Een laatste wijziging betreft de nietigheid van beslissingen die in strijd met de belangenconflictenregeling worden genomen. Onder het W.Venn. kan enkel de vennootschap zelf de nietigheid van dergelijke beslissingen vorderen. Het instellen van deze nietigheidsvordering namens de vennootschap behoort tot de bevoegdheid van het bestuursorgaan waardoor deze vordering in de praktijk niet vaak voorkwam. Onder het WVV kan elke belanghebbende deze nietigheidsvordering instellen.

Nieuwe regels roepen nieuwe vragen/aandachtspunten op. Het WVV voorziet in een verruimde mogelijkheid van schriftelijke besluitvorming voor het bestuursorgaan: voortaan kunnen alle beslissingen schriftelijk met unanimiteit worden genomen tenzij de statuten beperkingen opleggen. De vraag stelt zich of schriftelijke besluitvorming kan worden toegepast wanneer een bestuurder een belangenconflict heeft. O.i. valt te argumenteren dat er geen beraadslaging plaatsvindt in het geval van schriftelijke besluitvorming en dat de bestuurder dus alleszins niet deelneemt aan enige beraadslaging. Aangezien de bestuurder bij een gewone bestuursvergadering ook niet zou mogen deelnemen aan de stemming, valt te argumenteren dat de vereiste van unanimiteit in dit geval moet worden gelezen als een vereiste van unanimiteit van de niet-geconflicteerde bestuurders. De procedure moet alleszins voor het overige wel correct worden toegepast (o.m. melding en notulering van het strijdig belang).

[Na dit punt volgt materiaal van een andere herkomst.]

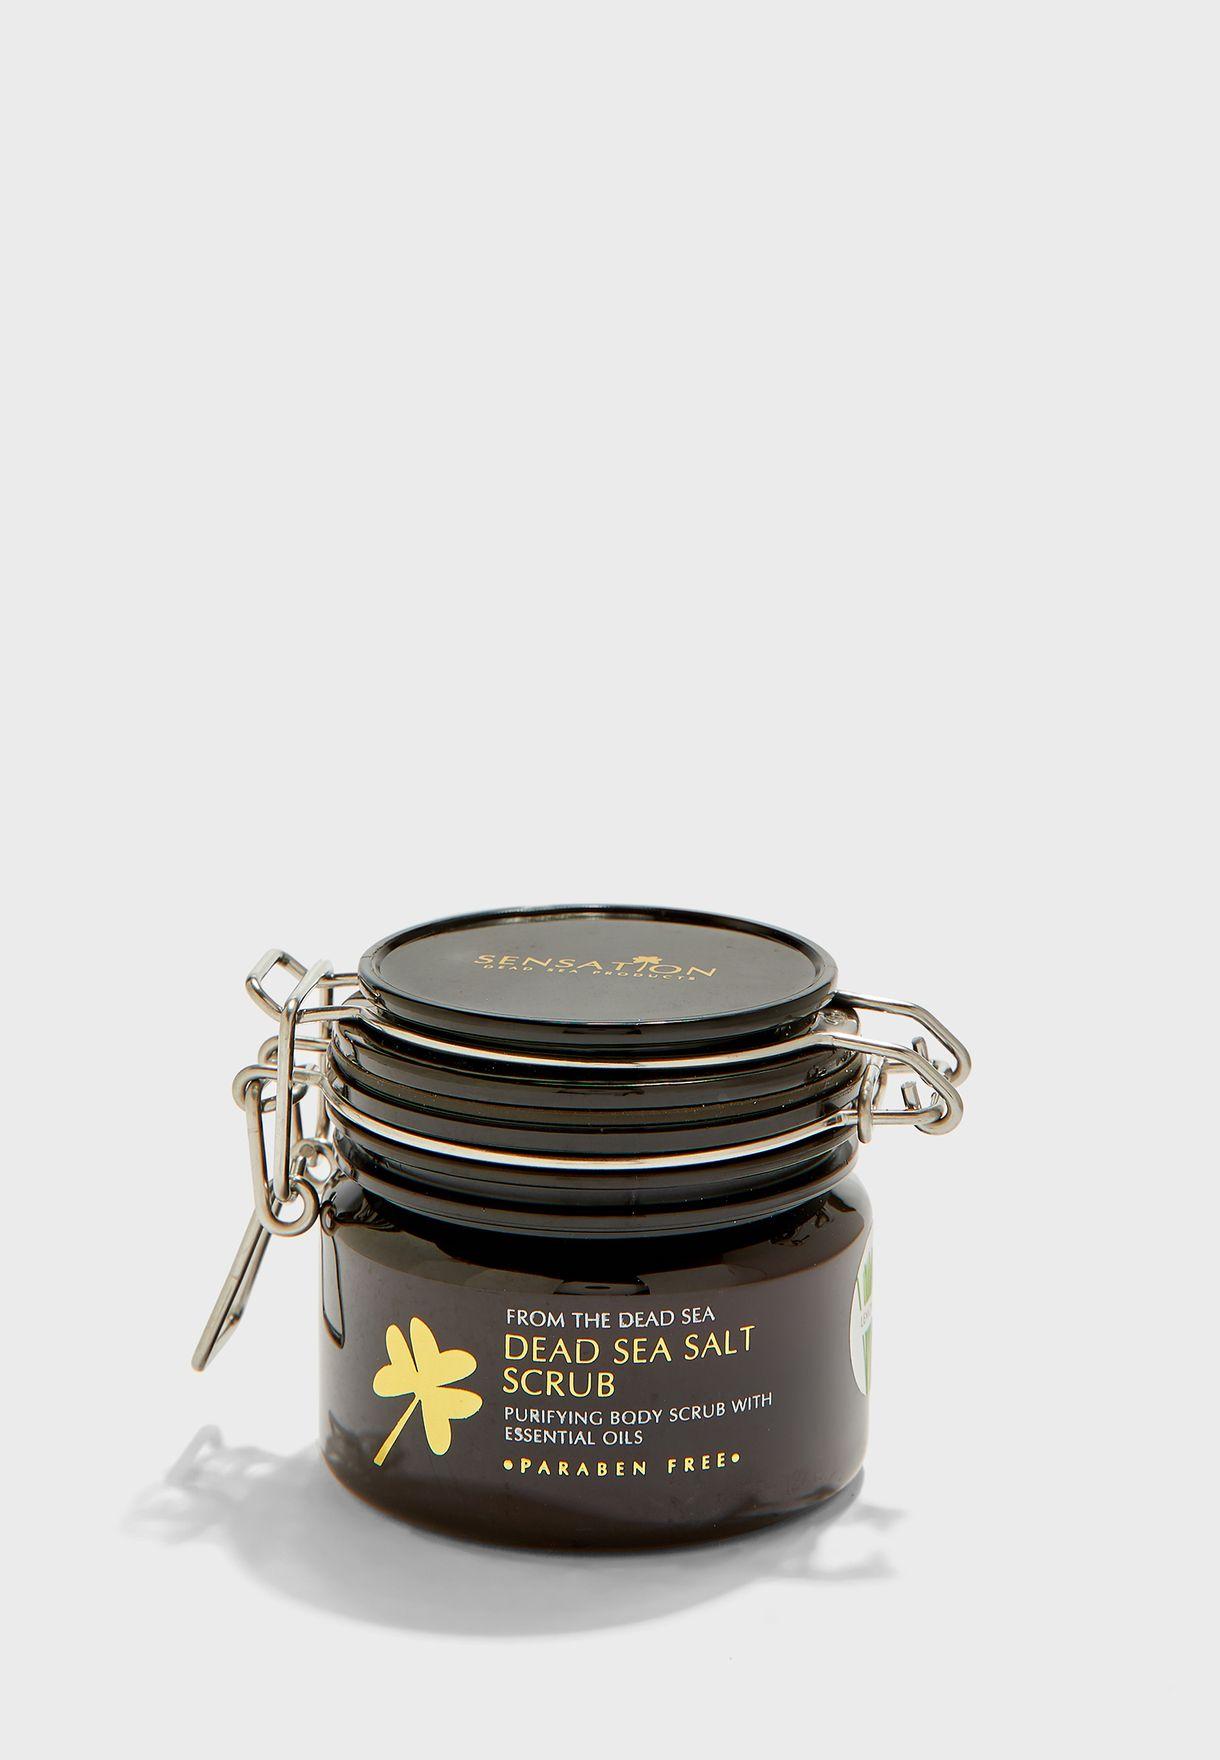 Dead Sea Salt Scrub - Lemon Grass 200g

De onthoudingsplicht van een geconflicteerde bestuurder kan ook aanleiding geven tot praktische toepassingsproblemen in geval van vetorechten. Een minderheidsaandeelhouder wenst vaak zijn belangen te vrijwaren door vetorechten toe te kennen aan zijn/haar vertegenwoordiger in de raad van bestuur voor bepaalde belangrijke beslissingen. Deze beslissingen kunnen dan niet worden genomen zonder goedkeuring van de betrokken bestuurder. We raden aan een alternatieve regeling te voorzien ingeval de betrokken bestuurder een belangenconflict heeft en niet mag deelnemen aan de beraadslaging/stemming (en dus ook geen kans heeft tot uitoefening van het vetorecht), bv. door te bepalen dat in dat geval de beslissing moet goedgekeurd worden door de algemene vergadering waarin de aandeelhouder op wiens voordracht de betrokken bestuurder werd benoemd een vetorecht kan uitoefenen.

Eenzelfde oplossing (doorverwijzing naar de AV) kan worden gehanteerd wanneer door het belangenconflict een statutair aanwezigheidsquorum op de raad van bestuur niet kan worden gehaald.

Indien er een college van bestuurders is en er door het belangenconflict slechts één niet-geconflicteerde bestuurder overblijft, kan deze o.i. de beslissing rechtsgeldig nemen. De wet bepaalt immers uitdrukkelijk dat de beslissing wordt genomen door de niet-geconflicteerde bestuurders.

Deze praktische problemen konden zich al voordoen in de genoteerde vennootschap, maar waren eerder theoretisch doordat bestuurders daar meestal talrijk zijn. Nu de onthoudingsregel algemeen van toepassing wordt, ook in kleinere vennootschappen, zullen deze vragen zich in de praktijk wel vaker voordoen.